▶ [What is required]: Return the listing below verbatim. Pictures do not belong in the copy.

▶ [The data]:
★ ★ ★ ★ ★ ★ ★

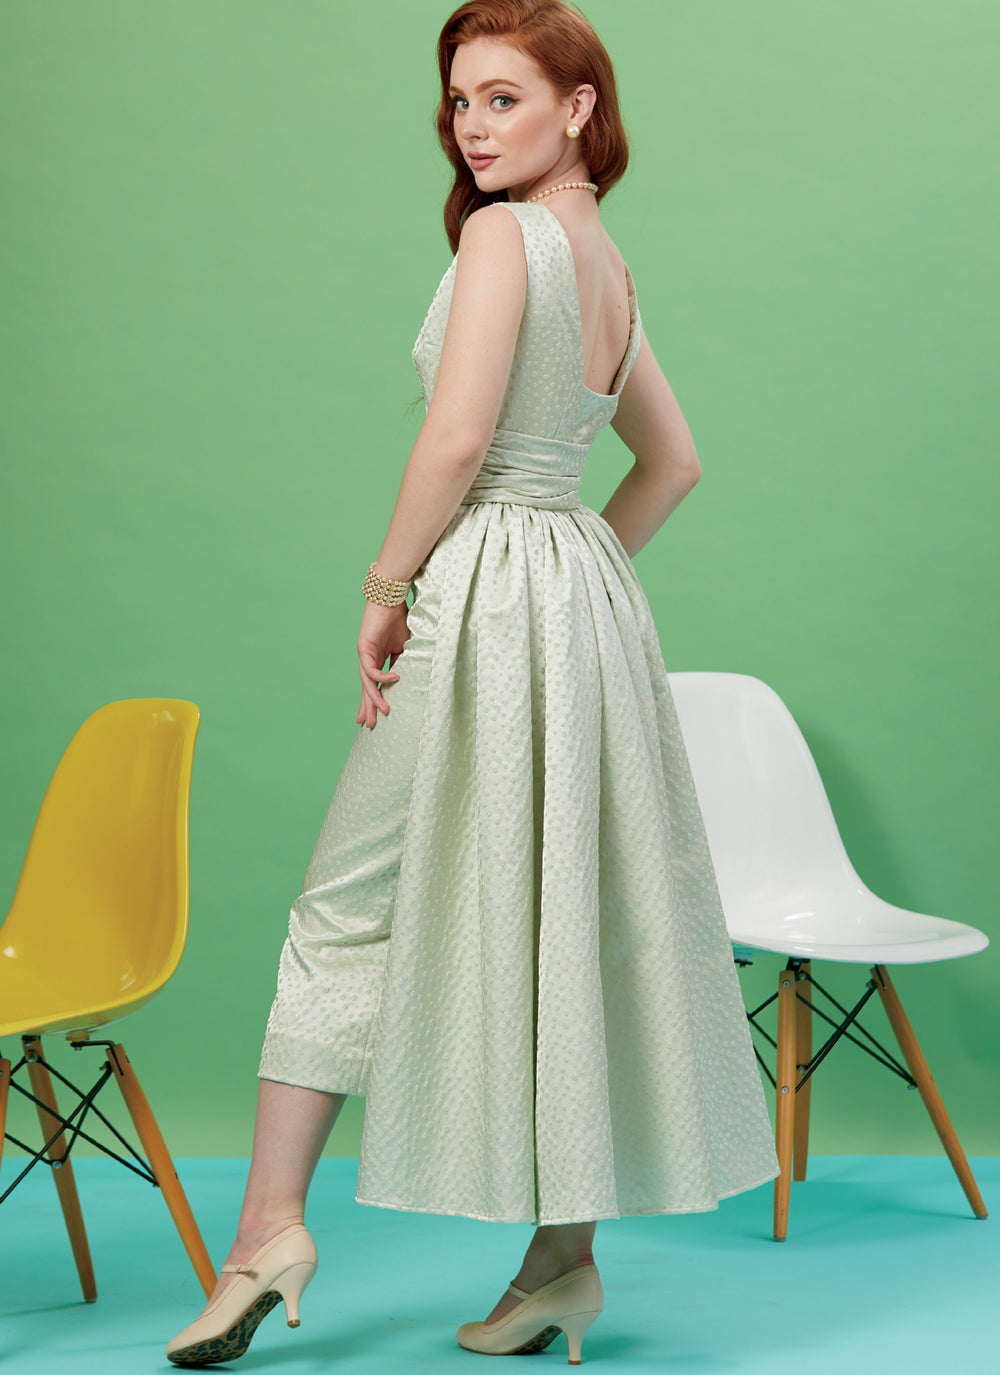 M7897 Misses' Dresses | The Archive Collection from Jaycotts Sewing Supplies
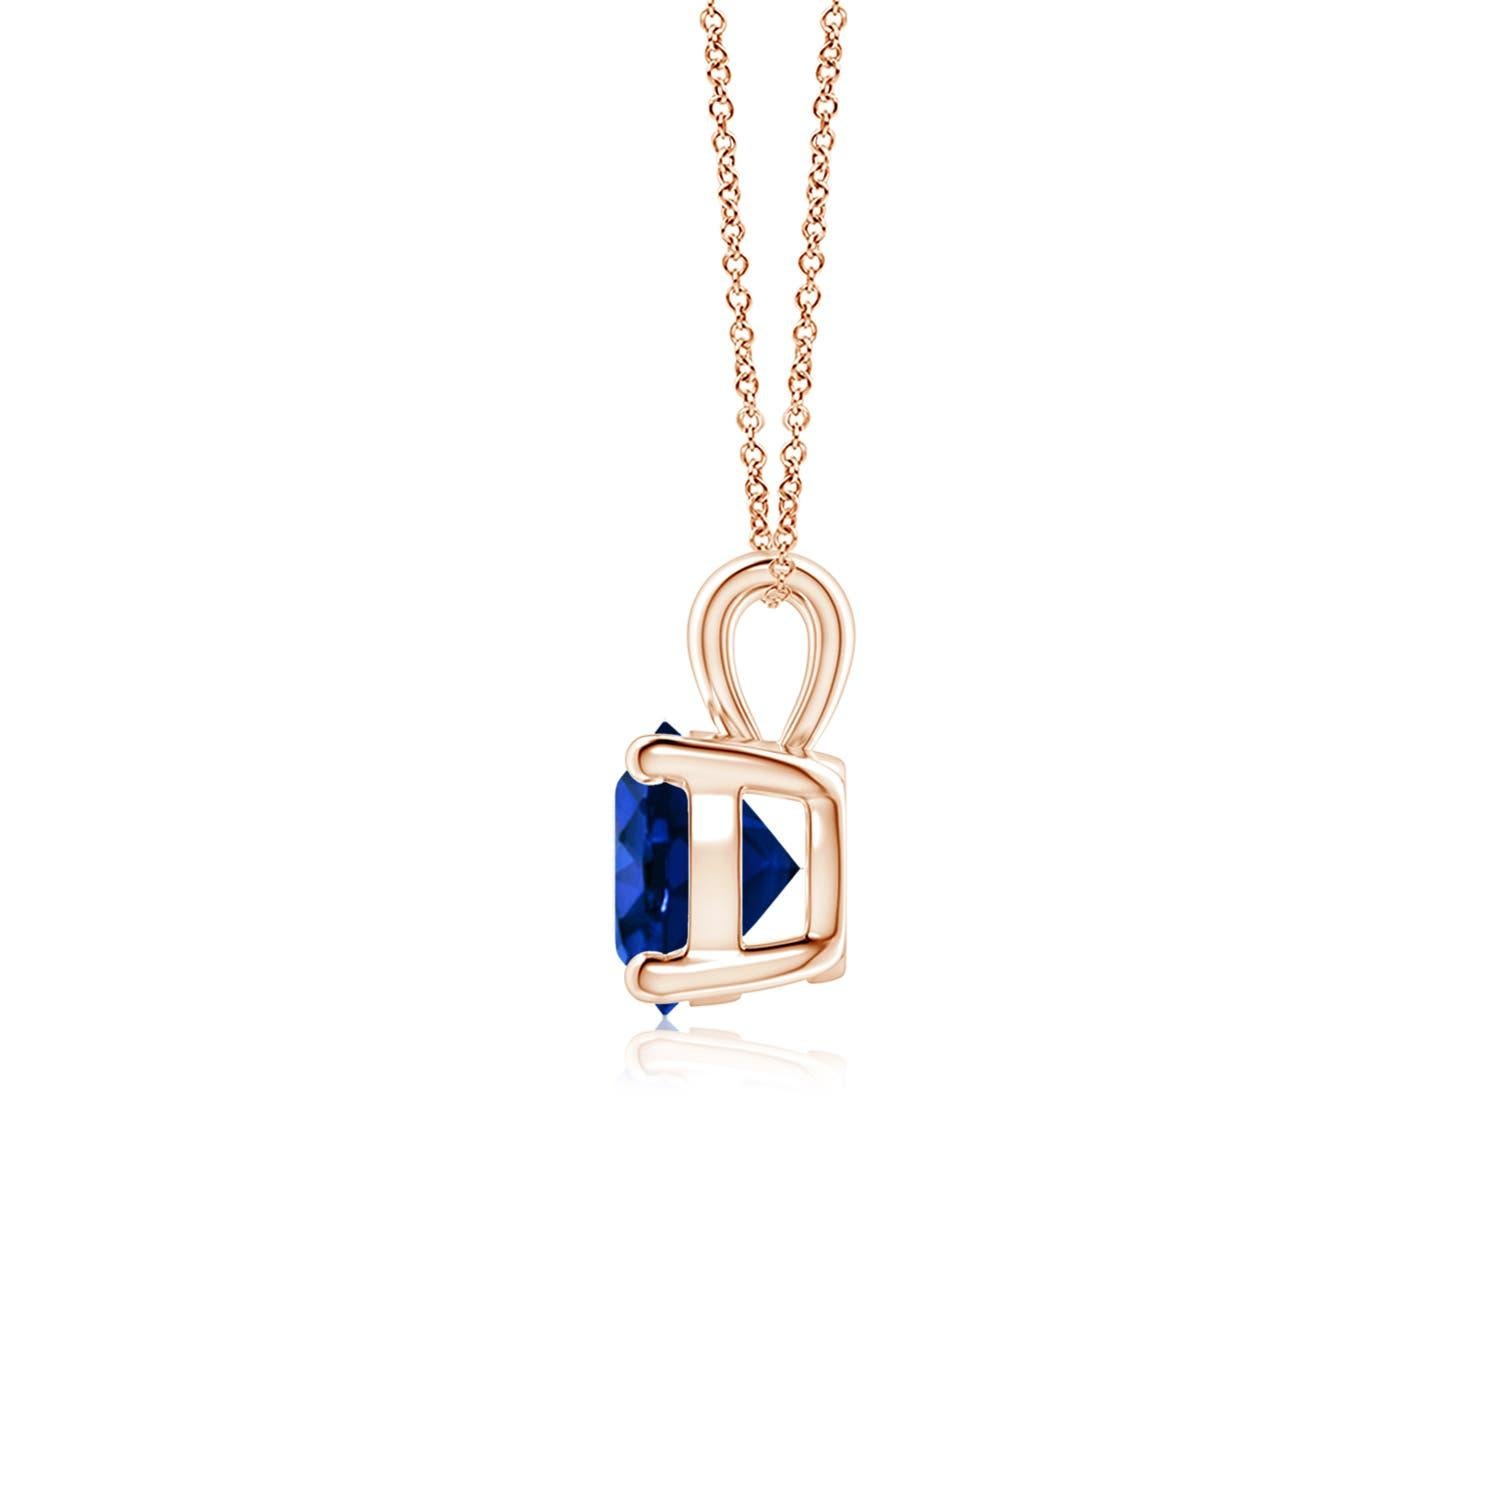 Linked to a lustrous bale is a stunning sapphire solitaire secured in a four prong setting. Crafted in 14k rose gold, the elegant design of this classic sapphire pendant draws all attention towards the magnificence of the center stone.
Blue Sapphire

★ ★ ★ ★ ★ ★ ★

▶ [Response area]:
 M7897 Misses' Dresses | The Archive Collection from Jaycotts Sewing Supplies
 Linked to a lustrous bale is a stunning sapphire solitaire secured in a four prong setting. Crafted in 14k rose gold, the elegant design of this classic sapphire pendant draws all attention towards the magnificence of the center stone.
Blue Sapphire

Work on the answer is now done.